In more general comments, Ferreira notes how many corporate end users tend toward the "just- in- time" model for facility development.
"Someone will be on a fast track, there's a change, then everything goes on hold," she says. "It's interesting to see how many resurrect – they'll call and say, 'We talked to you a few years ago.' It helps to have that information at hand."
She also notes how each situation is unique – so much so that a "standard sales presentation" rarely proves useful.
"One example is a customer that's very big in providing product to research houses for cancer looking at coming to the States for the first time," she says of a Canadian firm that was looking for one location. "They ended up going to Seattle, which makes no sense at all at first glance. Memphis or Indy would have been best because of uniform distribution to all population centers."
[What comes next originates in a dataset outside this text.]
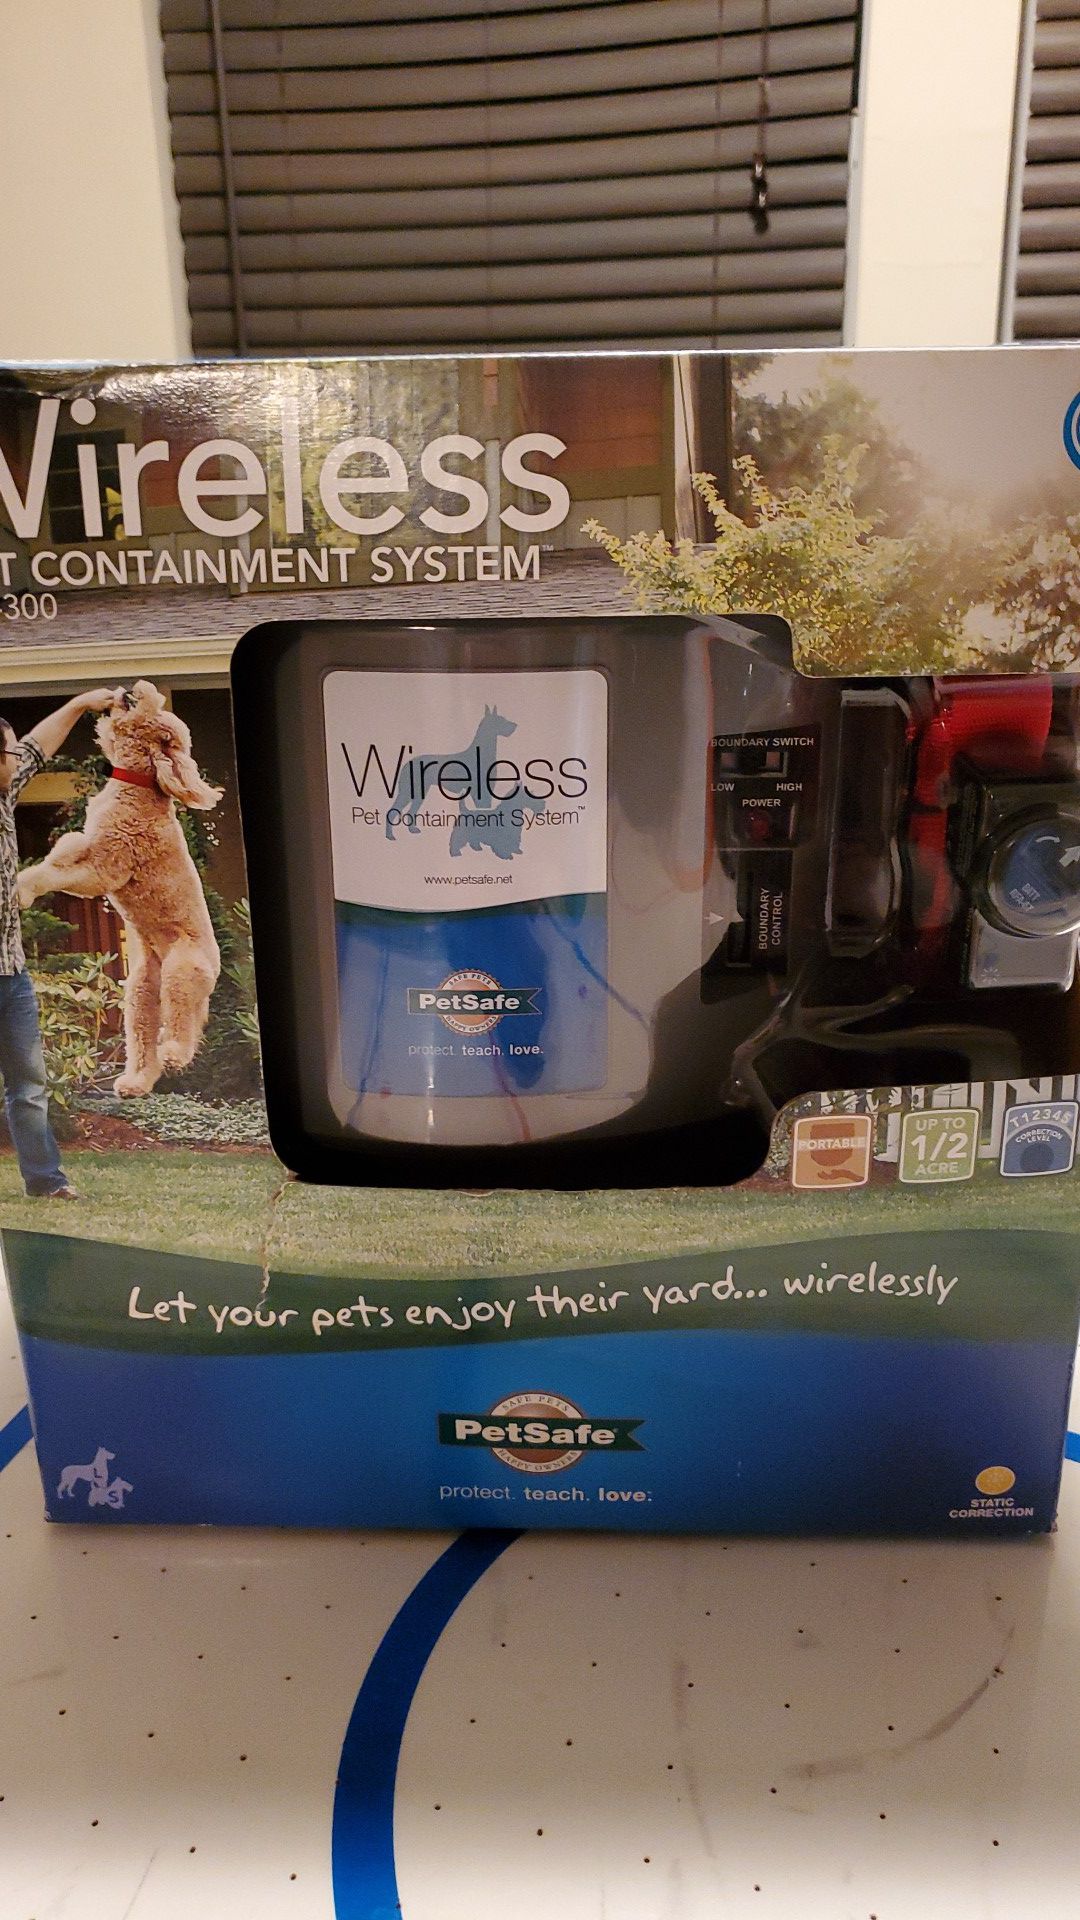 Petsafe,wireless pet containment system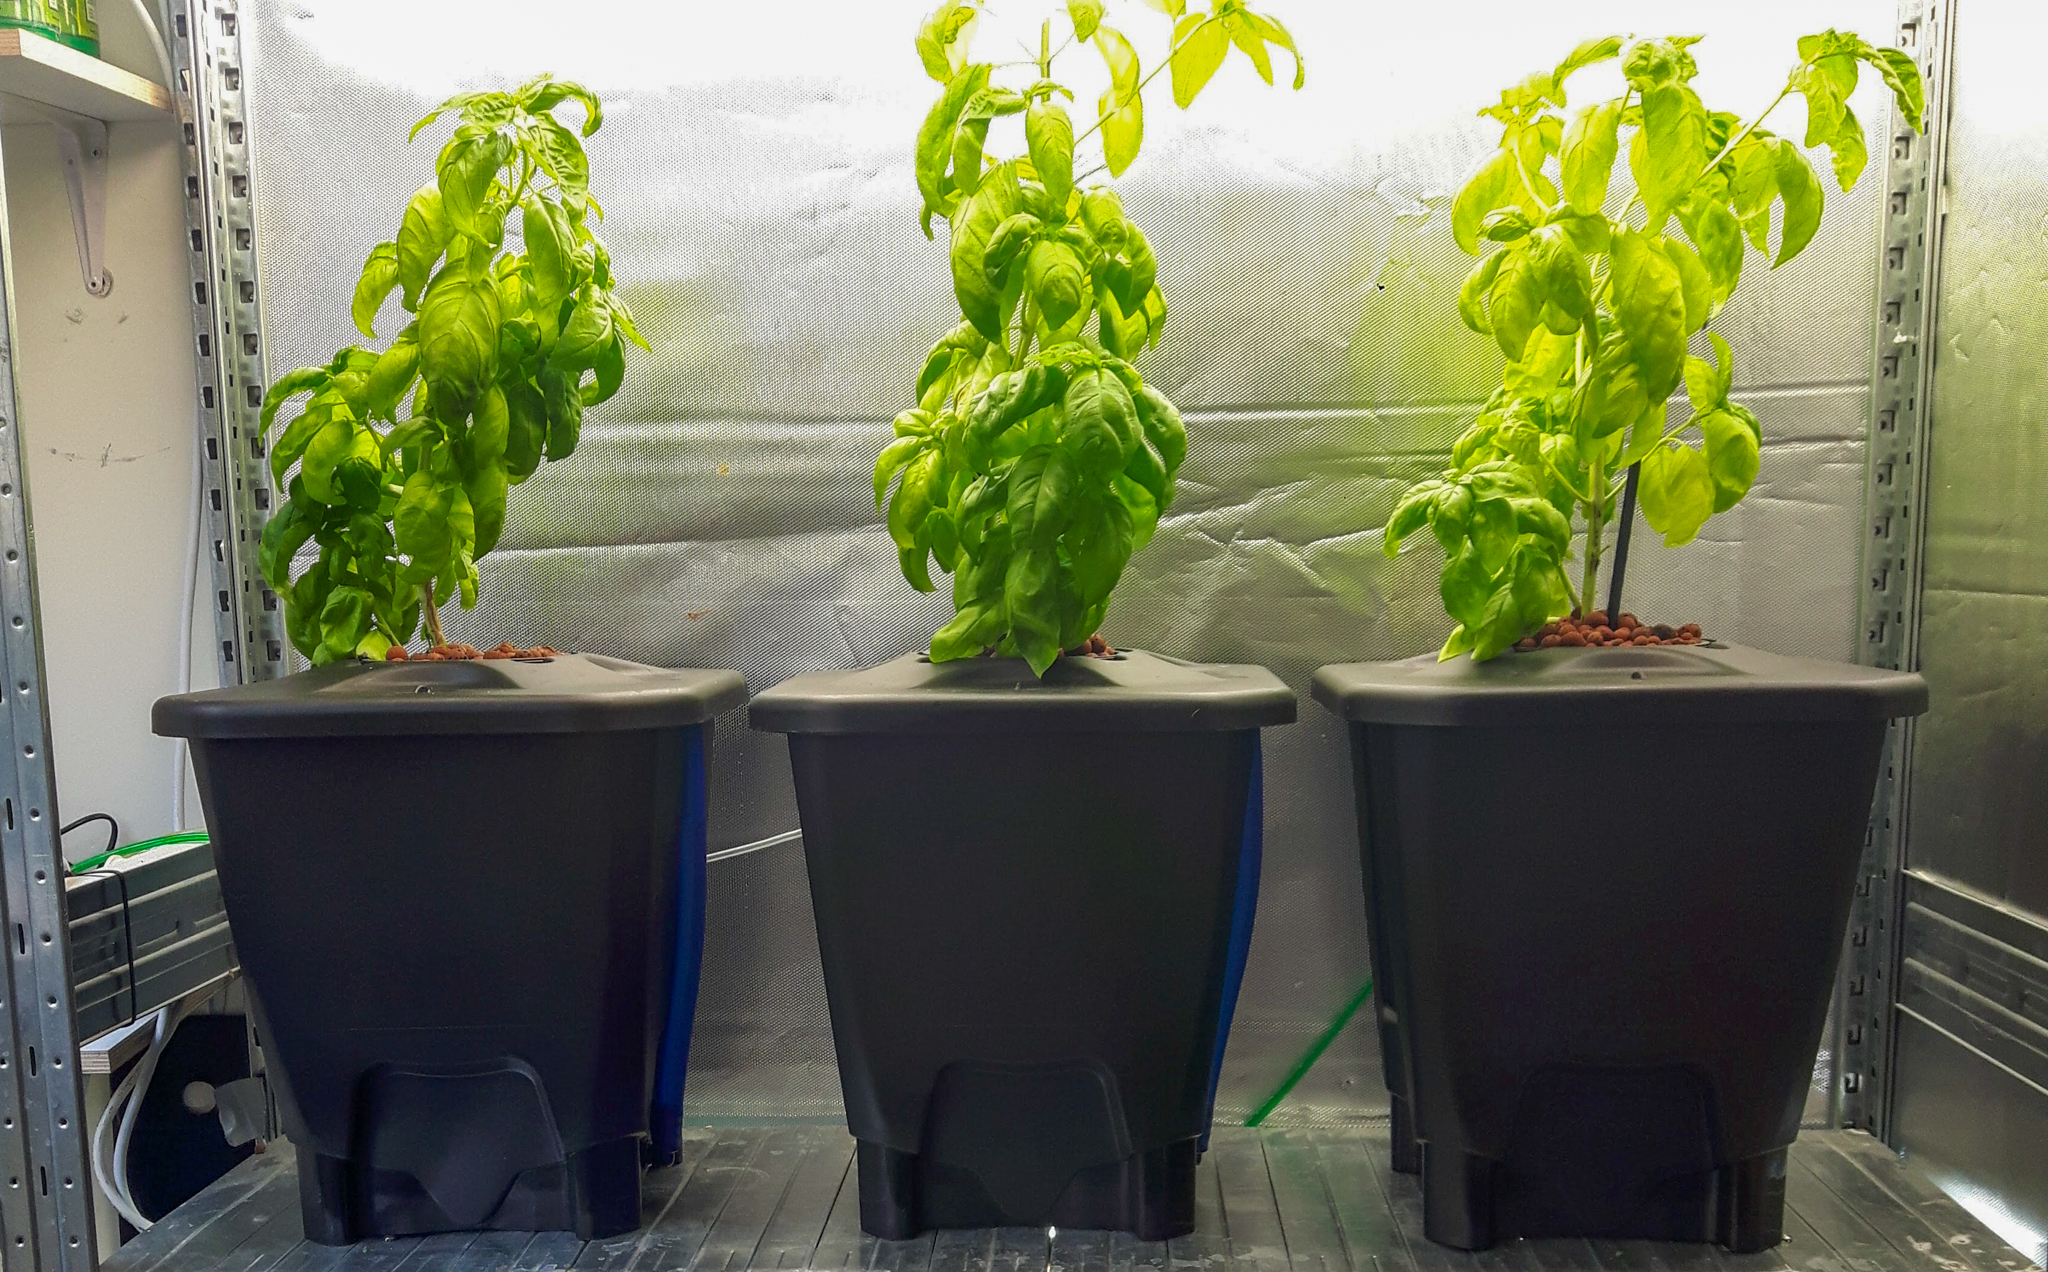 Differences Between Soft Water and hard Water for Hydroponic Growth

But the Canada- based firm wanted later night shipping, and fewer border delays. In addition, the pickup time in Seattle was two hours later. And if anything went wrong in the facility, the firm needed to be able to get there quickly. Seattle, it has turned out, "ended up far better," says Ferreira. "They're growing now."
Ferreira also notes that while air service may grab the headlines, guaranteed ground service for regional distribution, with air as a backup option, has been popping up more of late, accounting for as much as 30 percent of the increase in her project activity.
That trend is borne out by FedEx's own project portfolio, which in August added 22 acres (9 hectares) in West Palm Beach, Fla., where a new 120,000- sq.- ft. (11,148- sq.- m.) FedEx Ground facility and 80,000- sq.- ft. (7,432- sq.- m.) FedEx Freight facility will be constructed by July 2007.